# Microwave Rotational Spectroscopy

Microwave rotational spectroscopy uses microwave radiation to measure the energies of rotational transitions for molecules in the gas phase. It accomplishes this through the interaction of the electric dipole moment of the molecules with the electromagnetic field of the exciting microwave photon.

## Introduction

To probe the pure rotational transitions for molecules, scientists use microwave rotational spectroscopy. This spectroscopy utilizes photons in the microwave range to cause transitions between the quantum rotational energy levels of a gas molecule. The reason why the sample must be in the gas phase is due to intermolecular interactions hindering rotations in the liquid and solid phases of the molecule. For microwave spectroscopy, molecules can be broken down into 5 categories based on their shape and the inertia around their 3 orthogonal rotational axes. These 5 categories include diatomic molecules, linear molecules, spherical tops, symmetric tops and asymmetric tops.

## Classical Mechanics

The Hamiltonian solution to the rigid rotor is

$H = T$

since,

$H = T + V$

Where $$T$$ is kinetic energy and $$V$$ is potential energy. Potential energy, $$V$$, is 0 because there is no resistance to the rotation (similar to a particle in a box model).

Since $$H = T$$, we can also say that:

${T = }\dfrac{1}{2}\sum{m_{i}v_{i}^2}$

However, we have to determine $$v_i$$ in terms of rotation since we are dealing with rotation. Since,

$\omega = \dfrac{v}{r}$

where $$\omega$$ = angular velocity, we can say that:

$v_{i} = \omega{X}r_{i}$

Thus we can rewrite the T equation as:

$T = \dfrac{1}{2}\sum{m_{i}v_{i}\left(\omega{X}r_{i}\right)}$

Since $$\omega$$ is a scalar constant, we can rewrite the T equation as:

$T = \dfrac{\omega}{2}\sum{m_{i}\left(v_{i}{X}r_{i}\right)} = \dfrac{\omega}{2}\sum{l_{i}} = \omega\dfrac{L}{2}$

where $$l_i$$ is the angular momentum of the ith particle, and L is the angular momentum of the entire system. Also, we know from physics that,

$L = I\omega$

where I is the moment of inertia of the rigid body relative to the axis of rotation.

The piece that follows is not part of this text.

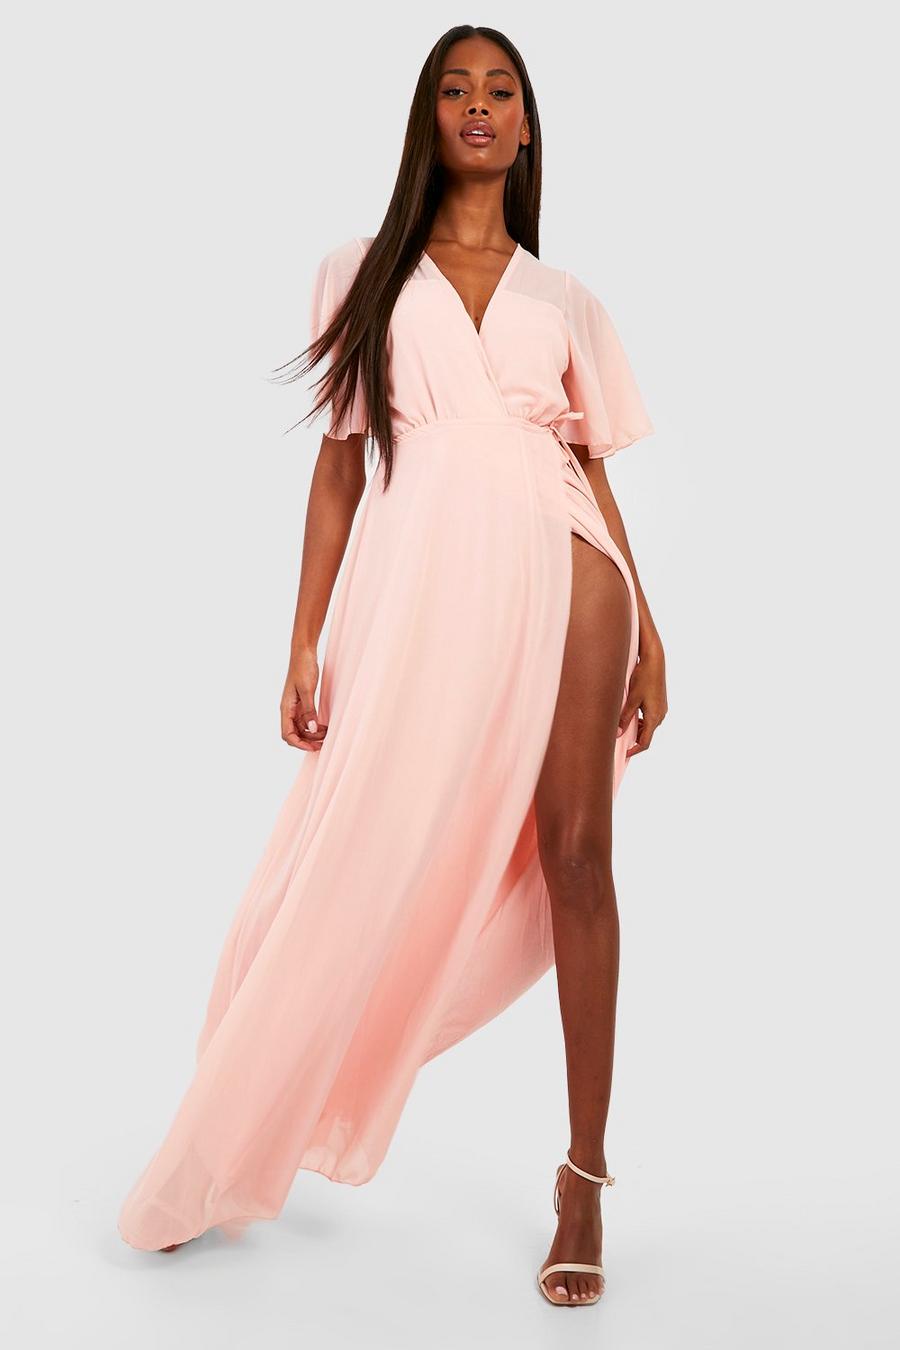 Blush rose Chiffon Angel Sleeve Wrap Maxi Bridesmaid Dress
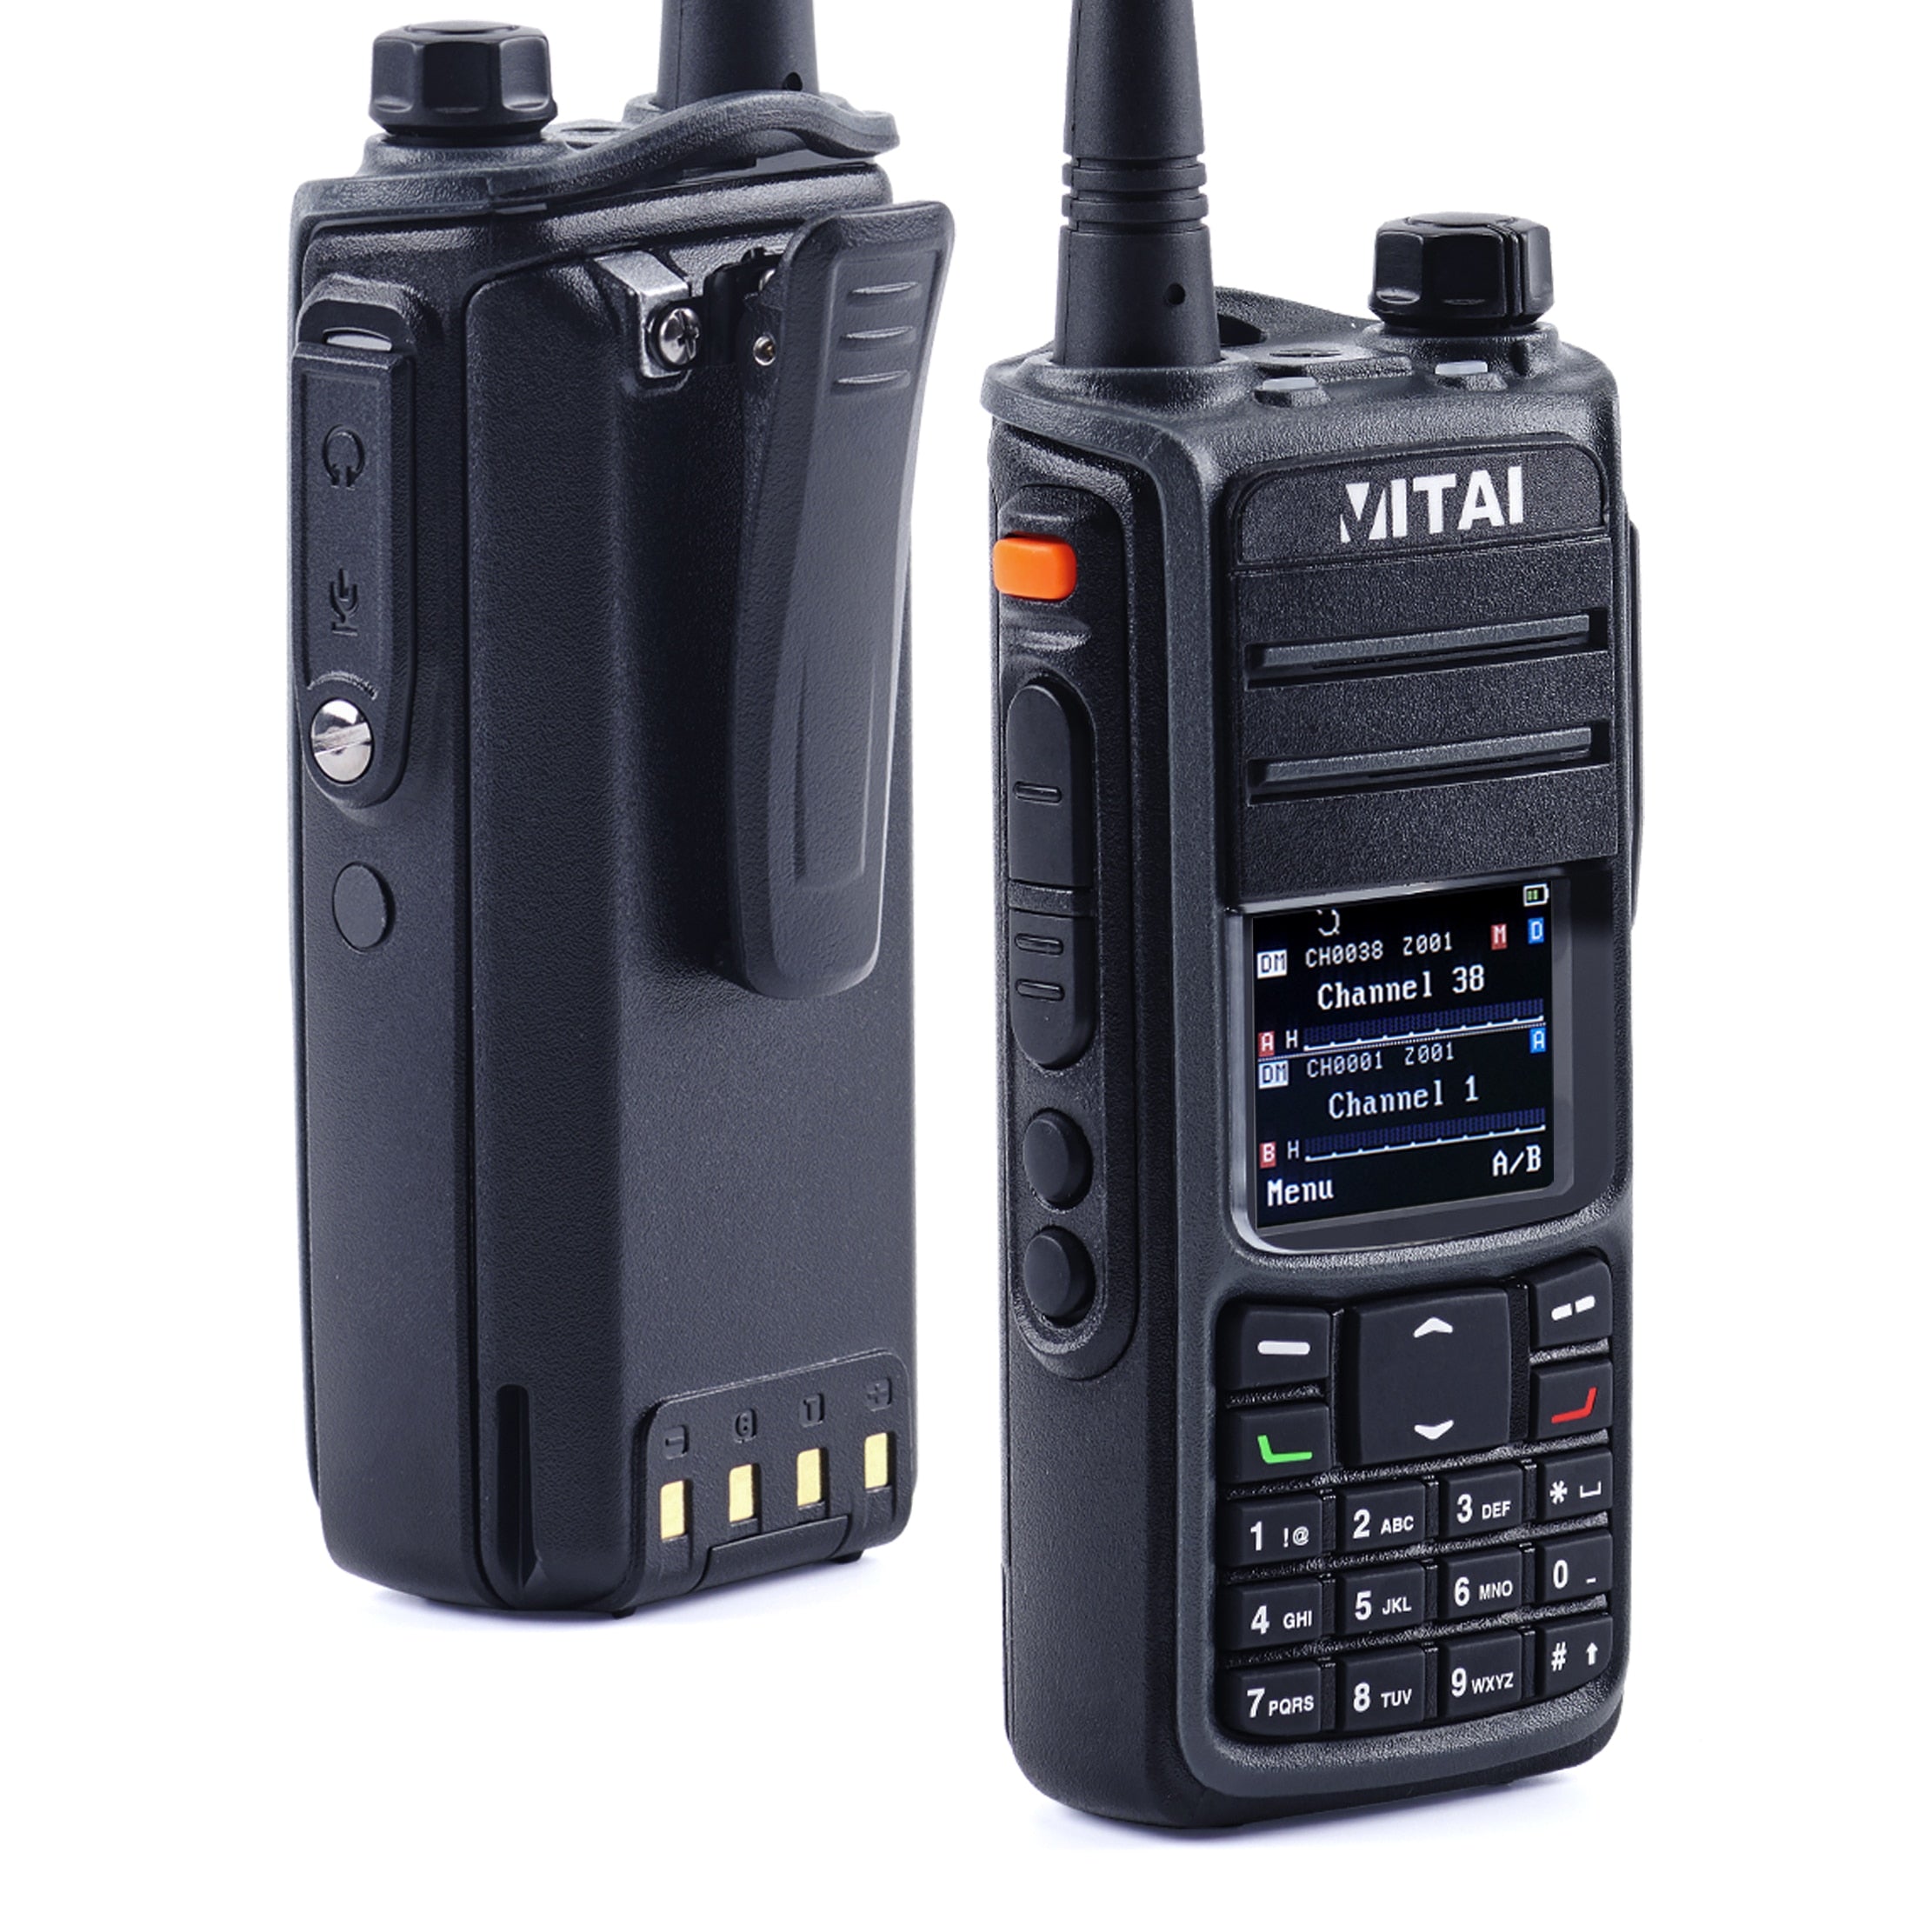 VITAI VDG-UV008 Two Way Radio Dual Band DMR Digital Radio With AES256 Encryption 10W Power Waterproof IP67 Walkie-talkie GPS

We can rewrite the T equation as,

$T = \omega\dfrac{{I}\omega}{2} = \dfrac{1}{2}{I}\omega^2$

## Quantum Mechanics

The internal Hamiltonian, H, is:

$H = \dfrac{i^{2}\hbar^{2}}{2I}$

and the Schrödinger Equation for rigid rotor is:

$\dfrac{i^{2}\hbar^{2}}{2I}\psi = E\psi$

Thus, we get:

$E_n = \dfrac{J(J+1)h^2}{8\pi^2I}$

where $$J$$ is a rotational quantum number and $$\hbar$$ is the reduced Planck's constant. However, if we let:

$B = \dfrac {h}{8 \pi^2I}$

where $$B$$ is a rotational constant, then we can substitute it into the $$E_n$$ equation and get:

$E_{n} = J(J+1)Bh$

Considering the transition energy between two energy levels, the difference is a multiple of 2. That is, from $$J = 0$$ to $$J = 1$$, the $$\Delta{E_{0 \rightarrow 1}}$$ is 2Bh and from J = 1 to J = 2, the $$\Delta{E}_{1 \rightarrow 2}$$ is 4Bh.

## Theory

When a gas molecule is irradiated with microwave radiation, a photon can be absorbed through the interaction of the photon’s electronic field with the electrons in the molecules. For the microwave region this energy absorption is in the range needed to cause transitions between rotational states of the molecule. However, only molecules with a permanent dipole that changes upon rotation can be investigated using microwave spectroscopy. This is due to the fact that their must be a charge difference across the molecule for the oscillating electric field of the photon to impart a torque upon the molecule around an axis that is perpendicular to this dipole and that passes through the molecules center of mass.

This interaction can be expressed by the transition dipole moment for the transition between two rotational states

$\text{Probability of Transition}=\int \psi_{rot}(F)\hat\mu \psi_{rot}(I)d\tau$

Where Ψrot(F) is the complex conjugate of the wave function for the final rotational state, Ψrot(I) is the wave function of the initial rotational state , and μ is the dipole moment operator with Cartesian coordinates of μx, μy, μz. For this integral to be nonzero the integrand must be an even function. This is due to the fact that any odd function integrated from negative infinity to positive infinity, or any other symmetric limits, is always zero.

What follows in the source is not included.